Том 14 - Страница 2
Клевета на Сталина носила двойственный характер. Она была косвенной и прямой. Приведу примеры.
Можно сказать, “классическим” образчиком косвенной клеветы является шокировавший делегатов XX съезда намек Хрущева на будто бы причастность Сталина к убийству Кирова. Только в 90-х годах увидела свет брошюра А. Кириллиной “Рикошет” (СПб, 1993), на обширном документальном материале опровергающая эту абсурдную версию, которая исходила еще от Л. Троцкого, а, по утверждению В. Жухрая, была сфабрикована Черчиллем с помощью гестаповца оберштурмбанфюрера Хетля (См.: Жухрай В. Сталин: правда и ложь. М., 1996. С. 262). Но не слишком ли поздно? Версия основательно, на протяжении десятилетий “поработала” на противников социализма, стараниями А. Яковлева изображалась как некая достоверность и уж, во всяком случае, растиражирована в тысячи раз больше, чем истина.
На XX съезде КПСС, начиная антисталинскую кампанию, Хрущев ни словом не обмолвился о так называемом заговоре военных. Зато на XXII-м вынес его на всеобщее обозрение как еще один убедительный аргумент. “Жертвами репрессий стали такие видные военачальники, как Тухачевский, Якир, Уборевич, Корк, Егоров, Эйдеман и другие, — говорил Хрущев. — Это были заслуженные люди нашей армии, особенно Тухачевский, Якир и Уборевич, они были видными полководцами. А позже были репрессированы Блюхер и другие видные военачальники.

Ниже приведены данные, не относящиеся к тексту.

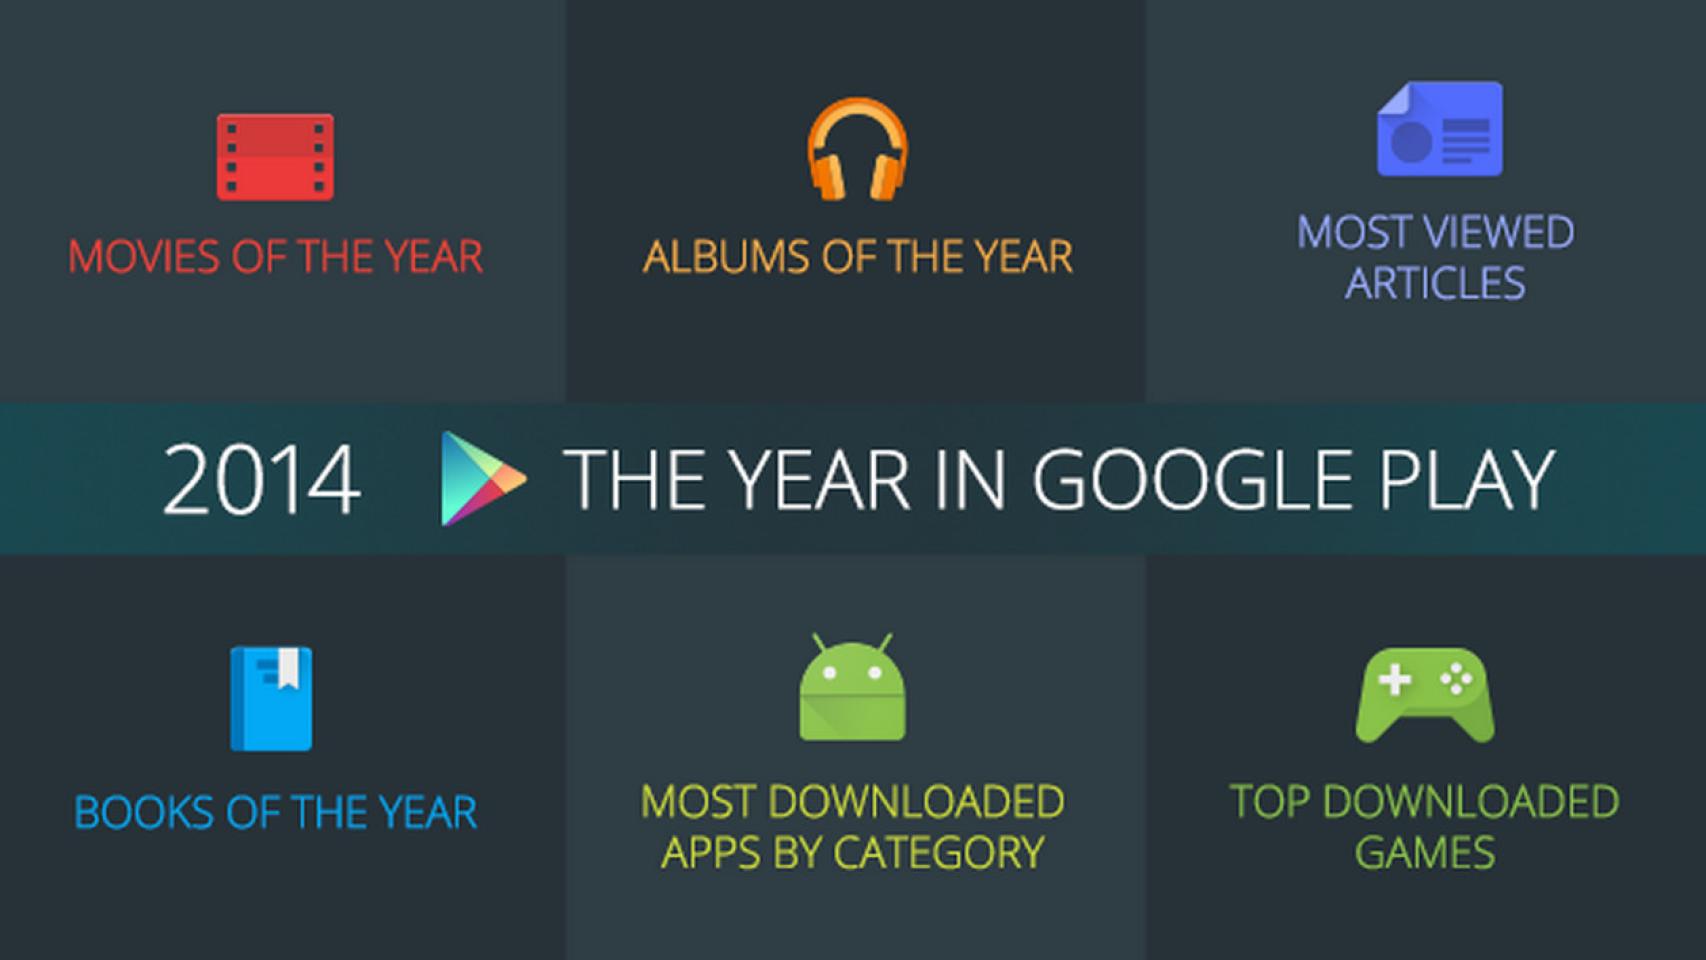 Google publica una infografía con lo más descargado de Google Play en 2014
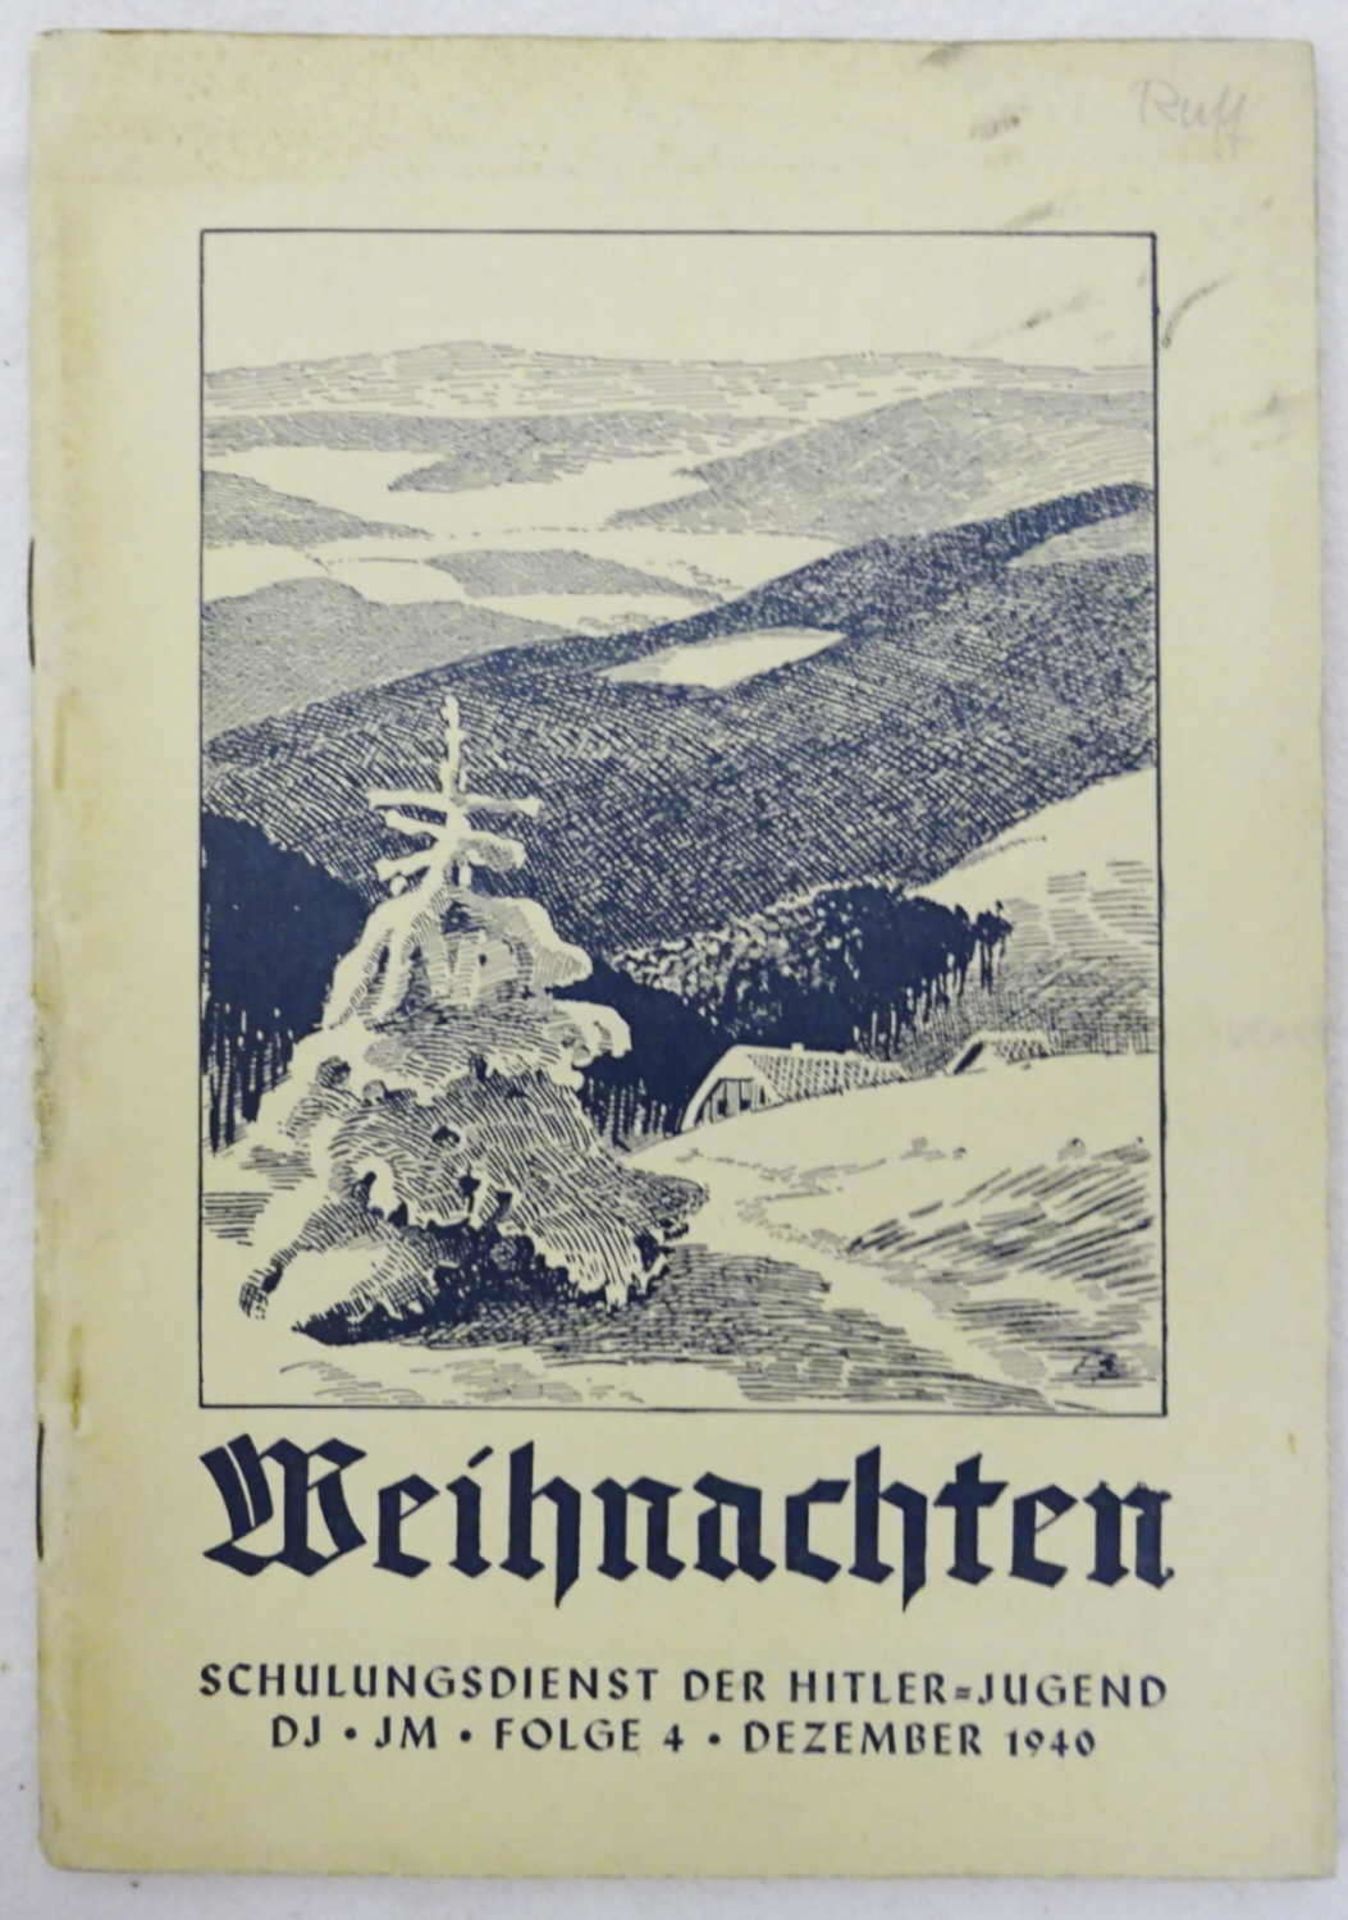 "Weihnachten" - Schulungsdienst der Hitler = Jugend DJ - JM - Folge 4 - Dezember 1940

Как-то в зарубежной печати промелькнуло довольно любопытное сообщение, будто бы Гитлер, готовя нападение на нашу страну, через свою разведку подбросил сфабрикованный документ о том, что товарищи Якир, Тухачевский и другие являются агентами немецкого генерального штаба. Этот “документ”, якобы секретный, попал к президенту Чехословакии Бенешу, и тот, в свою очередь, руководствуясь, видимо, добрыми намерениями, переслал его Сталину. Якир, Тухачевский и другие товарищи были арестованы, а вслед за тем и уничтожены” (XXII съезд Коммунистической партии Советского Союза. Стенографический отчет. T. II. М., 1962. С. 585–586).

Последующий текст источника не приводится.